Earlier, we demonstrated efficient triplex formation with all the 3 TFOs (25-mer, 158TFO, and 164TFO; sequences are shown in Fig. 1). The 158TFO and the 25-mer TFO, both of which contain a stretch of 6 guanine (G) residues at the 3′ end, formed triplexes more efficiently than the 164TFO, which lacked this hexanucleotide sequence. Further, we showed that these triplexes, once formed, are very stable and the kinetics of triplex formation indicated that at a molar ratio of 50:1 of the TFO:duplex, triplexes formed in less than half an hour at 37°C (Joseph et al., 1997; Nakanishi et al., 1998). Mutations in the C1 sequence completely eliminated triplex formation, indicating the specificity of triplex formation of these TFOs (Nakanishi et al., 1998). When these TFOs are injected intravenously into rats, we found that after initial plasma clearance, most of the TFO was distributed in liver and kidney and that more than 70% of the TFO taken up by the liver was found in the Kupffer cells, endothelial cells, and stellate cells (Cheng et al., 2005). A significant amount of the TFO, taken up by the stellate cells, is translocated to the nuclei, the site of collagen gene transcription (Cheng et al., 2005). We also demonstrated triplex formation with native DNA in cultured stellate cells (Ye et al., 2007). These results provide evidence for the proof of concept that the TFO can enter into the target cells, form triplexes, and inhibit transcription of the COLIA1 gene. In this study we show that these TFOs prevent liver fibrosis in a rat model of liver fibrosis induced by dimethylnitrosamine (DMN).

Experimental Procedures

Animals

Male Harlan Sprague-Dawley rats (Madison, WI) were used in all these experiments. Animals weighing 110–120 g were obtained and housed under controlled temperature, humidity, and light. Initially, 4 rats per cage were maintained and then shifted to 3 per cage. After 4–5 days acclimatization, rats were injected with DMN as previously reported (Yasuda et al., 1999; George et al., 2001). All experiments were performed using protocols approved by the IACUC following the guidelines for the use of animals in research administered by the University of Tennessee Health Science Center.
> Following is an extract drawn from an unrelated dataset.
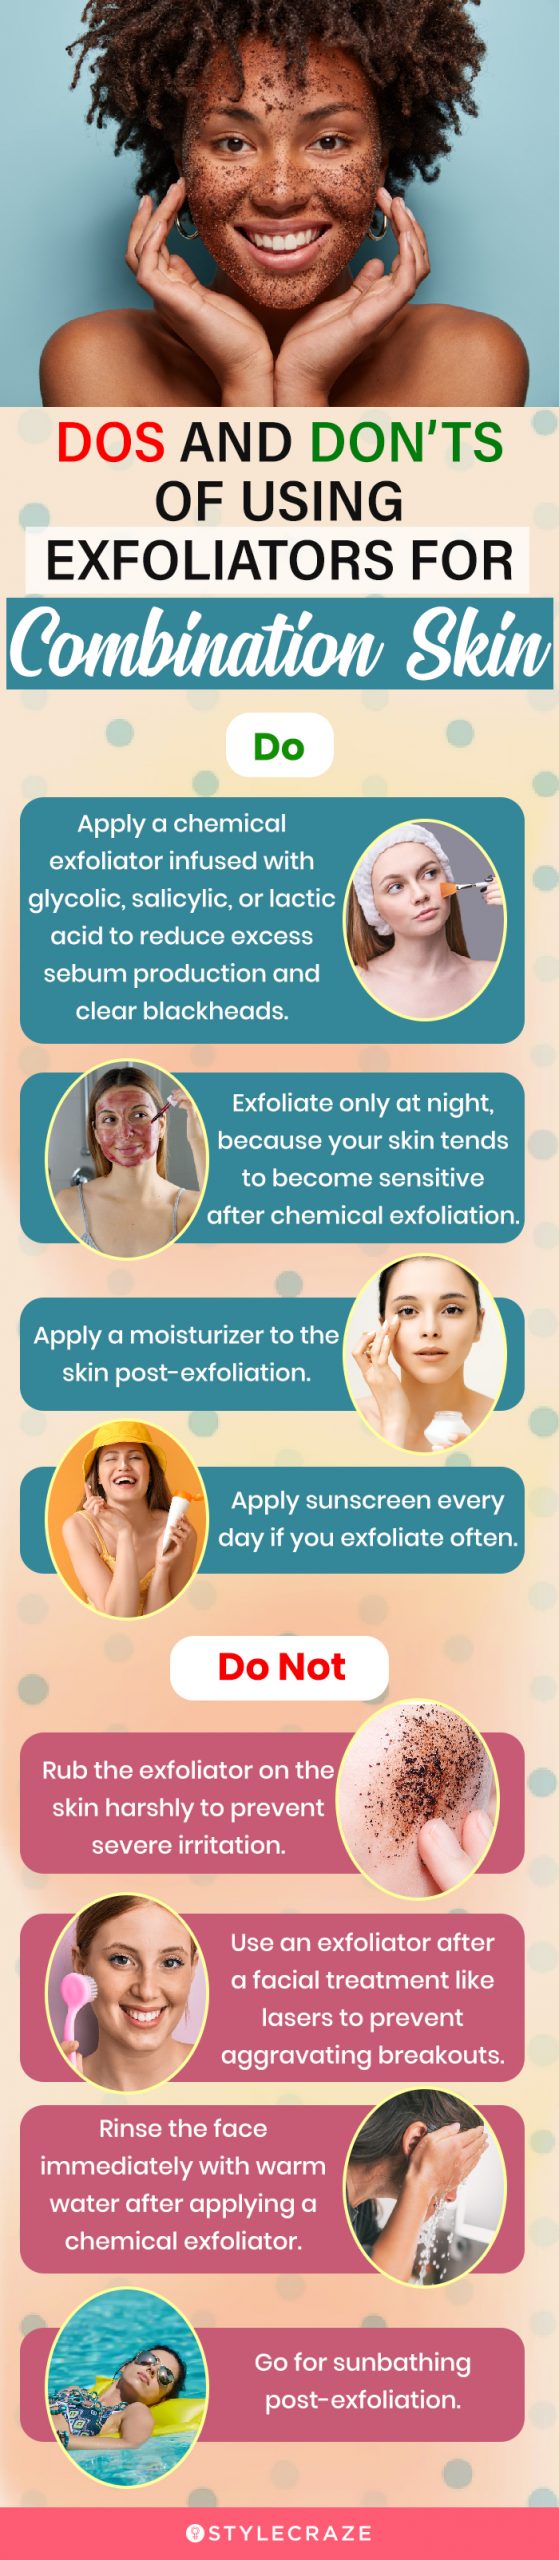 Dos And Don’ts Of Using Exfoliators For Combination Skin (infographic)

Protocol for liver injury and fibrosis

Animals were divided into various groups (n = 6–8 per group). Liver fibrosis was induced by repeated intraperitoneal injections of DMN, given on the first 3 consecutive days of every week for a period of 4 weeks at a dose of 1 μL of 1% solution made in saline (0.9% or 0.09%) per gram body weight. Control rats received equal volume of saline (0.9%). The antiparallel phosphorothioate TFOs were injected every alternate or third day starting on the 4th day of after first week DMN treatment. The TFOs, dissolved in 0.9% or 0.09% saline, were injected intraperitoneally at 4 mg per kg body weight. All TFOs were custom-synthesized by Invitrogen (Carlsbad, CA). The dose of DMN and the concentration of TFOs administered were adjusted for body weight each week.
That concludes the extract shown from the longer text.